Police suspect Litzman met with top psychiatrist to sway him on Leifer case
Deputy health minister’s alleged meeting with Jacob Charnes, a key witness in the sex offense extradition proceedings, could constitute obstruction of justice
Police suspect Deputy Health Minister Yaakov Litzman met with Jerusalem’s district psychiatrist to pressure him into issuing a false assessment for an accused sex offender, thus preventing her extradition to Australia, a legal official told The Times of Israel Saturday.
The official confirmed a report by the Kan public broadcaster, which pointed out that the mere existence of a meeting between the de facto head of the Health Ministry and a key witness in the case against Malka Leifer during legal proceedings could constitute obstruction of justice on Litzman’s part.
After Leifer’s initial arrest in 2014, Jerusalem District Psychiatrist Jacob Charnes submitted two psychiatric opinions deeming her mentally incompetent, which led to her release. After Leifer was rearrested in February 2018, Charnes agreed to sign off, after months of delay, on a new medical evaluation that refuted his initial conclusion. However, in an about-face at the latest extradition hearing last month, he testified against the determinations of several medical experts that found Leifer to be mentally competent and once again asserted that she was too sick to be sent back to Australia.
It was not clear when the alleged meeting between Charnes and Litzman took place.
According to the legal official, the deputy minister told investigators he held the meeting due to public appeals, and did not intervene in the process.
Litzman, who heads the ultra-Orthodox United Torah Judaism party, was questioned Thursday by police investigators over suspicions he sought to block the extradition of Leifer, a former principal at an all-girls school in Melbourne, who has been charged with dozens of charges of sexual abuse.
“In 2016 when Charnes recommended that the court suspend the extradition case against Leifer we were dumbfounded,” Dassi Erlich, one of Leifer’s alleged victims who has been campaigning for the former principal’s extradition, told The Times of Israel after he was named in the case. “We couldn’t understand how a district psychiatrist could be manipulated by Leifer like we were as young women. Now we see how far the manipulation of justice has reached.”
Associates of Litzman said in response to the report that the claims against him were “baseless.” They added that the deputy minister “made sure he did not intervene in the positions of professionals and told them to act only in accordance with the law.”
The deputy health minister is suspected of threatening ministry officials into issuing fraudulent psychiatric reports in an effort to prevent Leifer’s extradition, according to news reports on Israeli television Friday.
According to the legal official, Litzman threatened to fire medical professionals at the ministry if they did not write their report in Leifer’s favor.

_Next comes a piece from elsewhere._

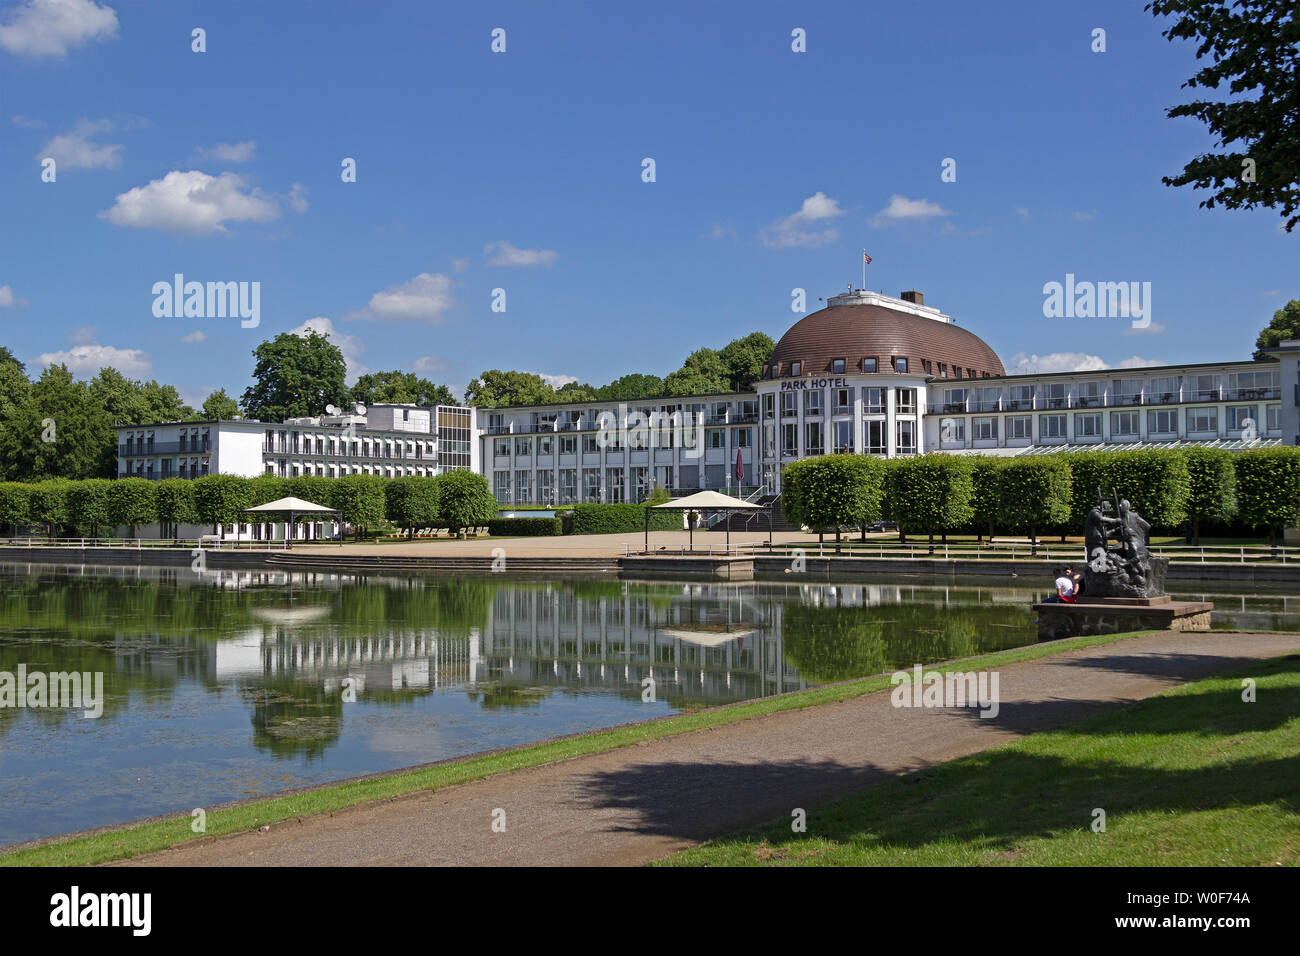 Dorint Park Hotel, Buergerpark, Bremen, Germany Stock Photo

One of the main pieces of evidence against the deputy minister was a threat by one of Litzman’s associates, who reportedly told a ministry worker that he would be fired if he “did not act according to the orders of the rabbi [Litzman].”
Confirming a Channel 12 report, the legal official said Litzman is also suspected of pressuring officials to change medical opinions in other cases involving sex offenders where people would stand to benefit. The report did not specify in what context these evaluations were being issued.
After Litzman was questioned Thursday, a Justice Ministry official confirmed to The Times of Israel that police have recordings of him and associates pressuring ministry officials to act on Leifer’s behalf.
Leifer once taught at a school in Israel affiliated with the Gur Hasidic sect, of which Litzman is a member.
Litzman’s office said he was “confident in his innocence and will continue to assist [with] any request that comes to his office, in accordance with the law and existing regulations.”
Leifer, an Israeli citizen, fled to Israel in 2008, days before allegations of sexual abuse against her surfaced, following a heads-up from officials at the Adass Israel school in Australia where she taught.
After authorities in Melbourne filed charges against her, Australia officially filed an extradition request in 2012. Two years later, Leifer was arrested in Israel but released to house arrest shortly thereafter. Judges deemed her mentally unfit to stand trial and eventually removed all restrictions against her, concluding that she was too ill to even leave her bed.
She was rearrested last February following a police undercover operation that cast doubts on her claims regarding her mental state, and has remained under custody since. The operation was launched after the Jewish Community Watch NGO hired private investigators who placed hidden cameras in the Emmanuel settlement, where Leifer had been living, which showed the alleged sex abuser roaming around the ultra-Orthodox town without any apparent difficulty.
Upon a request from Leifer’s attorney, a Jerusalem District Court judge agreed to hold a bail hearing on Tuesday. Her lawyer has argued that his client’s time in prison has led to the further deterioration of her mental state and that she should be released to house arrest as proceedings continue to draw out.